In response to the journal requirement, we have prepared a new Graphical Abstract. This is provided separately and does not replace Figure 1.

Figure 1 remains in the main manuscript as a detailed mechanistic figure. The new Graphical Abstract is intended as a concise visual summary of the review, highlighting its central themes, including the double-hit theory of preeclampsia.

3. Clarification regarding Table 2

Thank you for this comment. We respectfully clarify that Table 2 is intended as a generic conceptual comparison of therapeutic modalities, rather than a table of specific compounds, products, or formulations.

Its purpose is to summarise the general characteristics of three broad therapeutic approaches relevant to preeclampsia:

small-molecule therapies

siRNA-based therapies

biologic protein therapies

As the table is intended to provide a broad conceptual comparison rather than formulation-specific evidence, we do not believe that references are required within the table itself. To avoid ambiguity, we have clarified this point in the table legend so that readers understand that the comparison refers to general therapeutic classes rather than specific formulations.

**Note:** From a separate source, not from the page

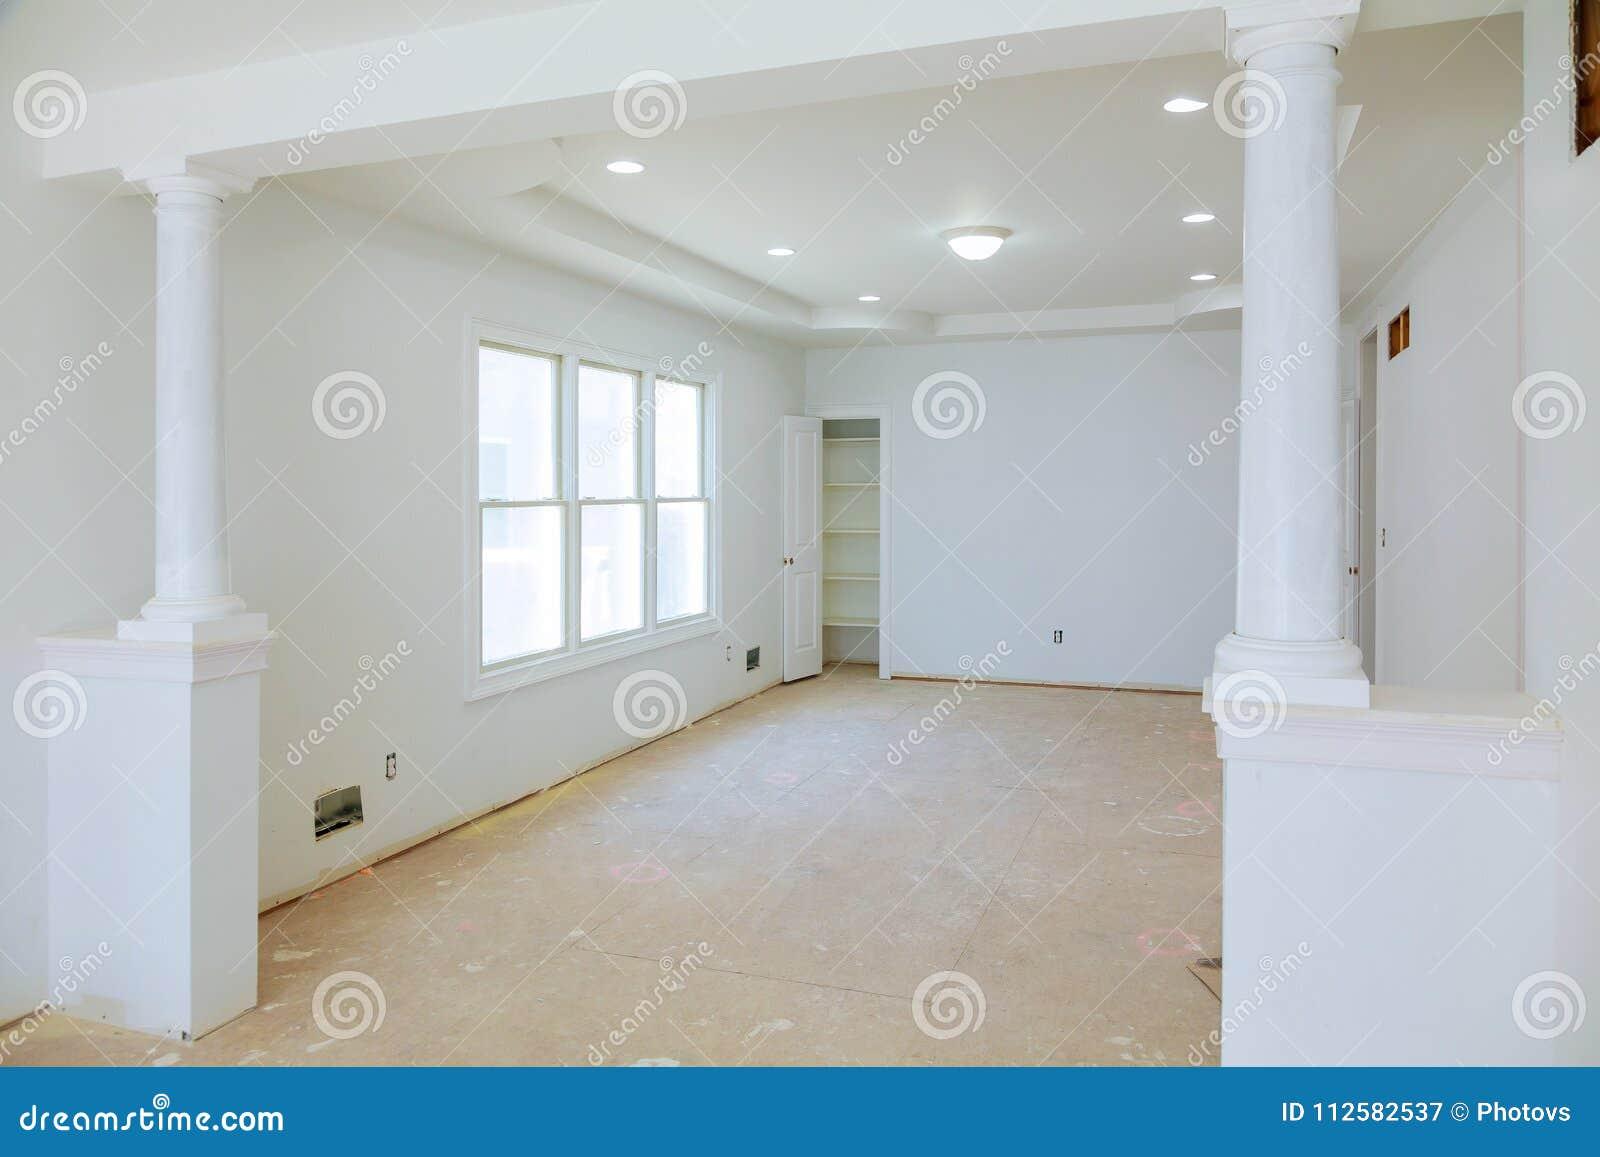 Come Rivestire Un Muro Interno interno bianco con i dettagli interni del muro a secco e di
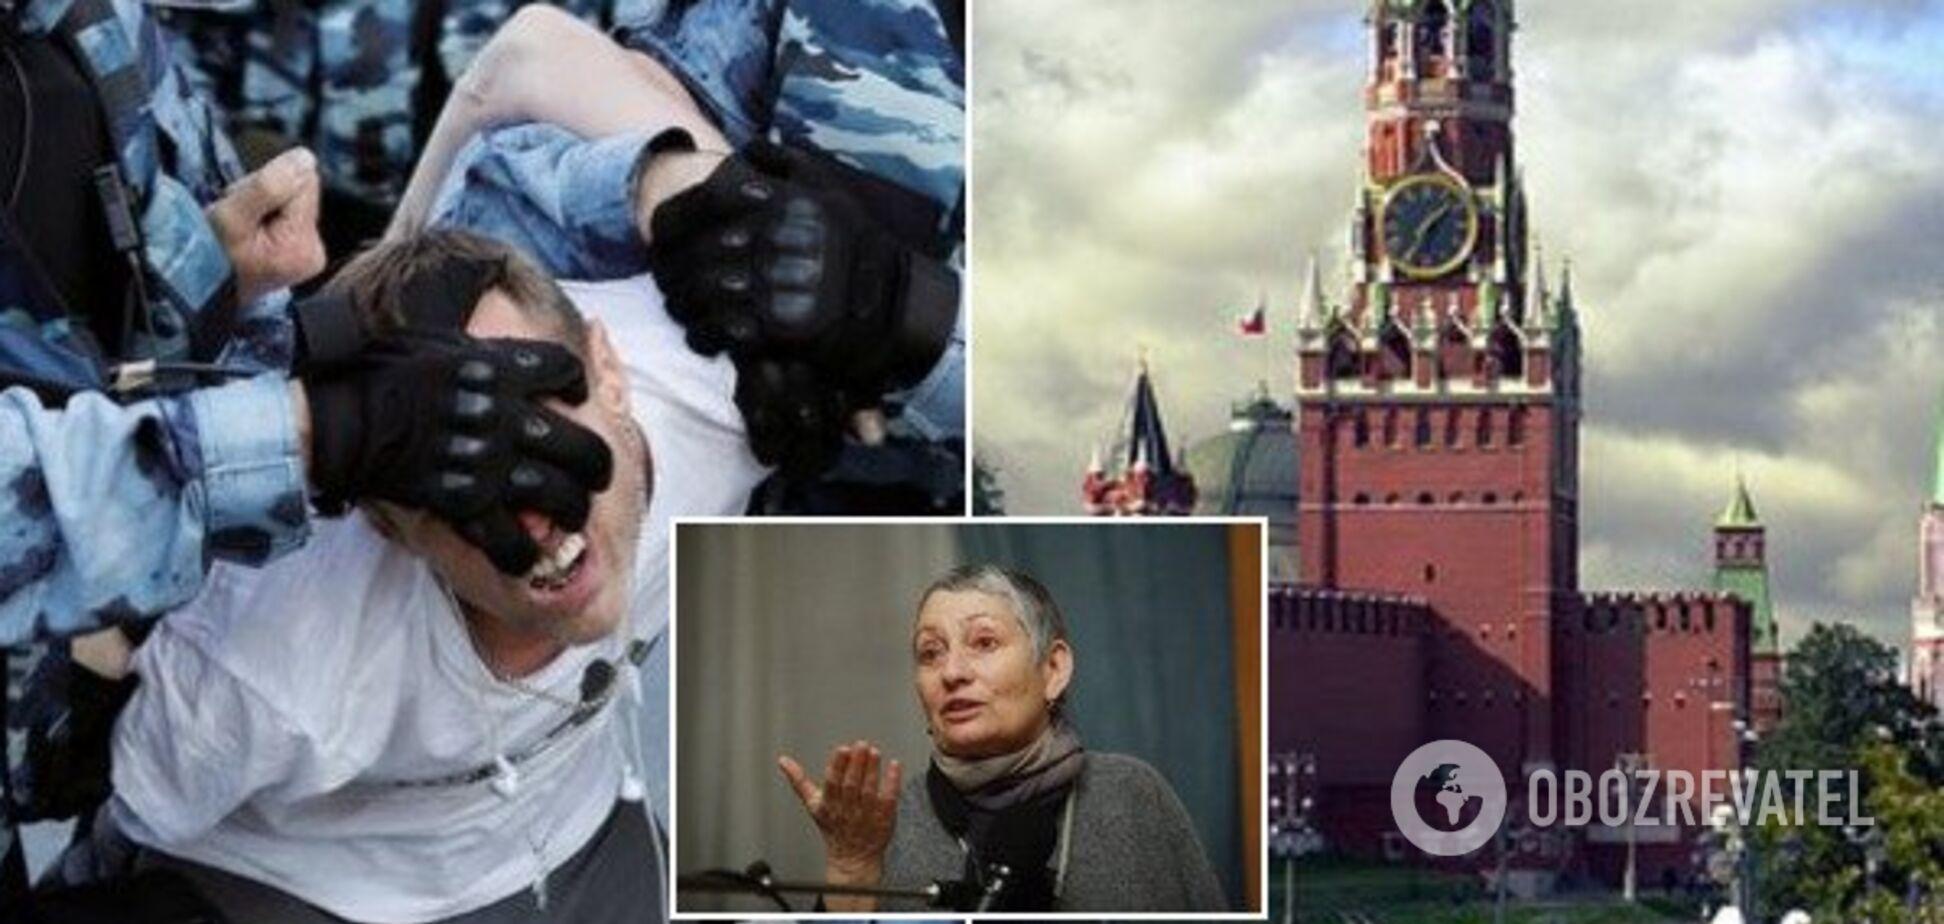 Про Крим, феномен Зеленського і Путіна: ексклюзивне інтерв'ю з Людмилою Улицькою

We hope this clarification addresses the reviewer’s concerns.

I would also make this even tighter in the rebuttal letter by changing:

“We believe this comment refers to…”

to

“We believe the reviewer is referring to…”

That sounds a little more formal.

Best final phrasing for point 1:

We believe the reviewer is referring to the coloured headings in Table 1, as Figure 1 does not contain column headings. Accordingly, Table 1 has been revised and the coloured headings have been removed to improve clarity and readability.

That is probably the safest and cleanest way to handle it.

Reviewer 3 Report

Comments and Suggestions for Authors

The authors have done a good job in responding to my criticisms.  particularly in sections 2.5-2.7 Thus I recommend that it is accepted forthwith.